Yup, I bought it based on the description that it was in perfect working condition. Looks like it was stored for a long time. 
I have got the stop lever working and the carriage working, etc.that was a simple matter.
It was just a question about the punchcard mechanism I needed help on.
I did download the service manus which basically told me to try a few things and those things did not result in a change (selecting needles). 
Ill be taking it to a technician at some point. Unfortunately I can't get my money back from the seller. Lesson learned!


----------



## crazyK (Jan 13, 2014)

this only needs a service you should have one about every 6-8 years to keep it going in good condition. It is a nice machine.
To check to see if your sponge bar is good leave all your needles in "A" pos. now put your finger over the end of the needle where the latch and hook is. press them to see if the bounce, it they do you will need a new one, but do not buy 2 because they will deterioate at the same time, this is the only way you can tell.
Also from the picture that you do not have needle protector strip, it goes under the needles and has numbers on it to tell you the amount of stitches. If you have questions you would like to askwrite an other reply to this.
Pull all your needles to "E" pos. and you will see if you have any bent needles if so take them out and replace with new, make sure the latches are not stiff when you open them up. Kathy


----------



## annazygowski (Jan 2, 2013)

Thanks.
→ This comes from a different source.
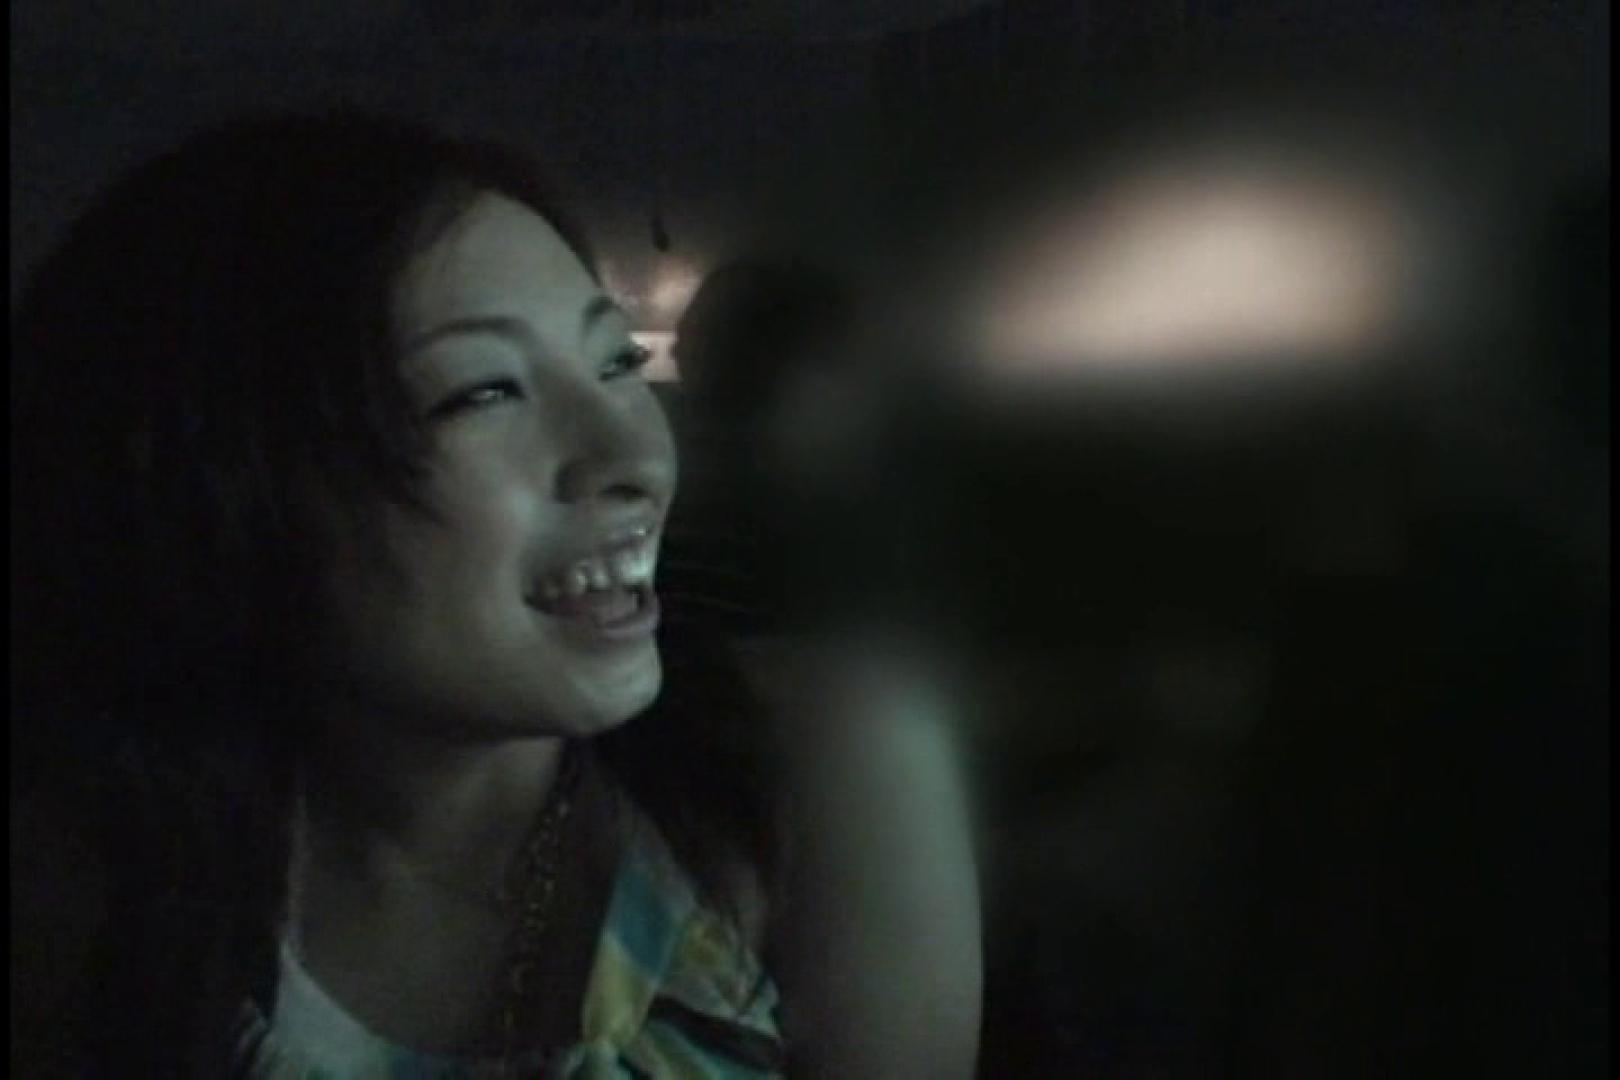 JDハンター全国ツアー vol.025 前編 女子大生のエロ動画  93PIX 40
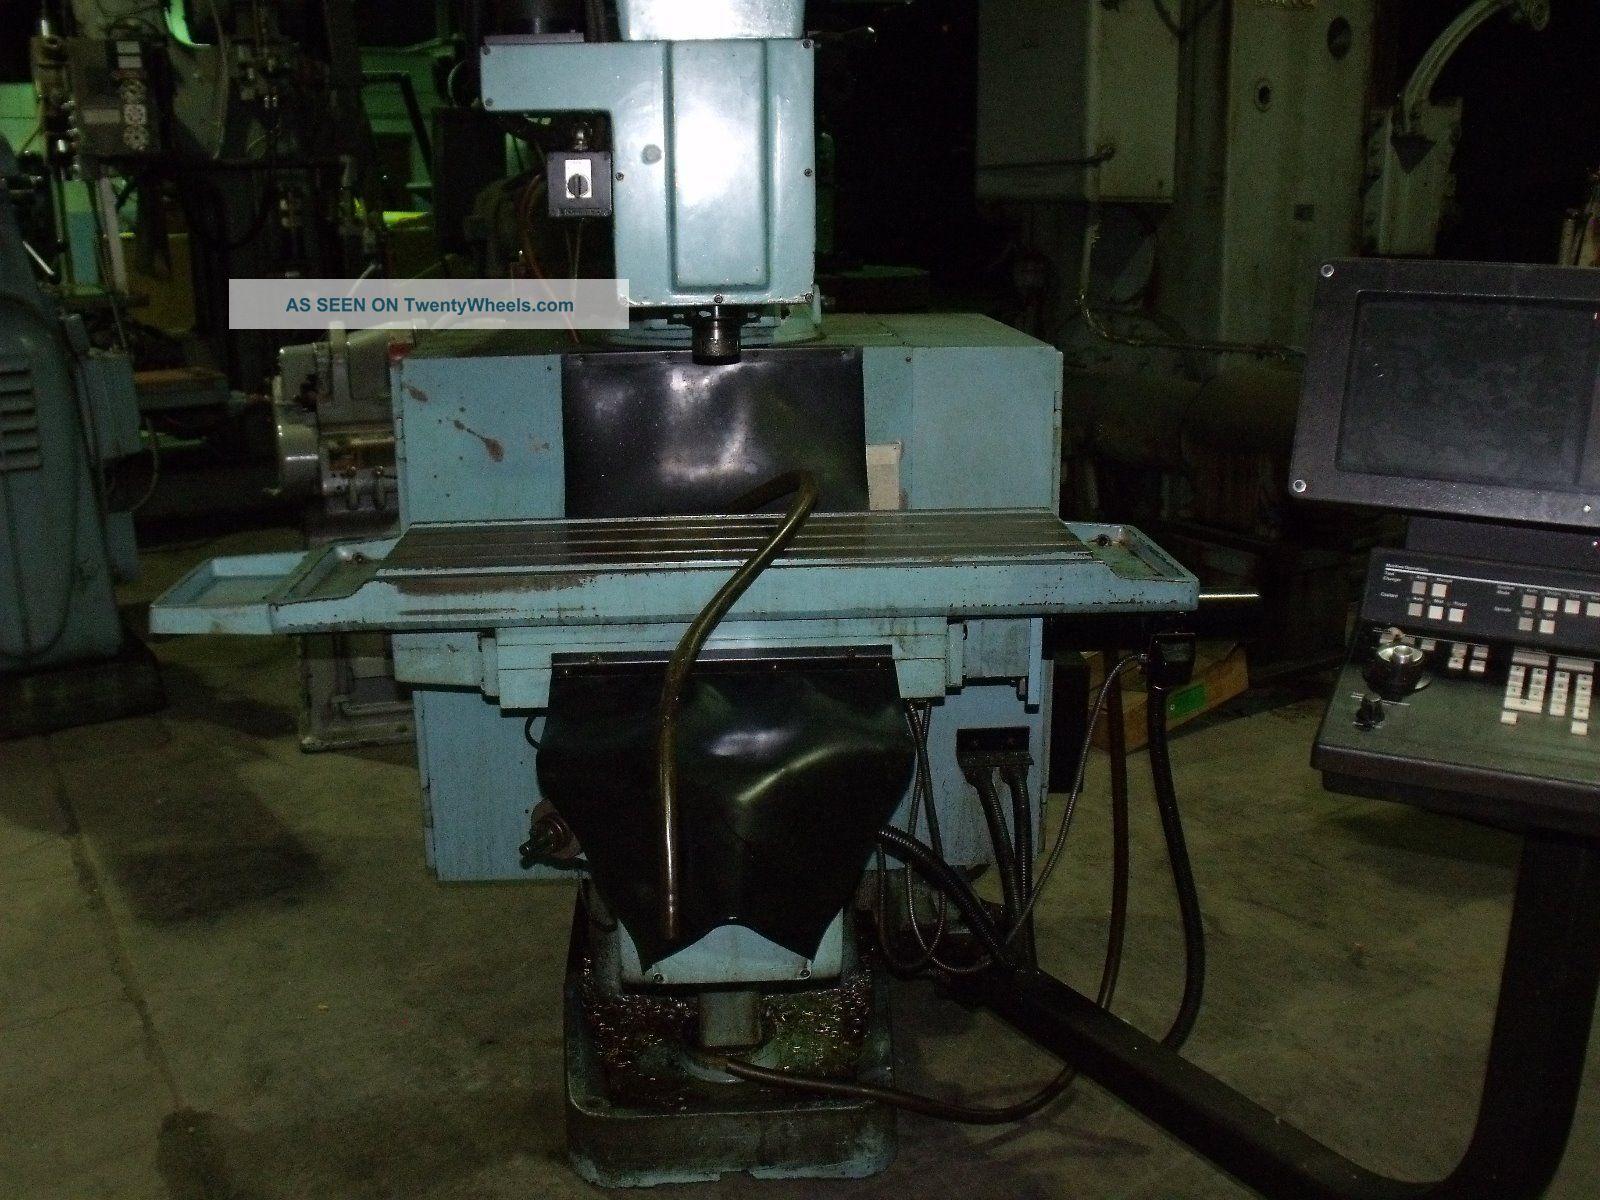 Hurco Cnc Mill Model Km - 3p S/n Kdb8013059e Milling Machines photo

Replacing the sponge bar was one of the first things I did.


----------



## libertypup (Jun 11, 2012)

I nearly started a new topic until I found this one with my exact same problem!
Brother 820, punch card advances but needles do not move. I can see down into the mechanism that the white roller does move the upright “posts” but the needles do not move. It appears that the horizontal pins do not move. Of course, it’s nearly impossible to see any of this well.
I can hand select needles and the L carriage works (only dropping every 5th stitch or so) but that’s hardly handy for the lace pattern I want (10 passes of the L carriage for every round trip of the K carriage).
Ideas?


----------



## jaysclark (Jan 26, 2013)

I would be inclined to open a case on eBay and get your money back. 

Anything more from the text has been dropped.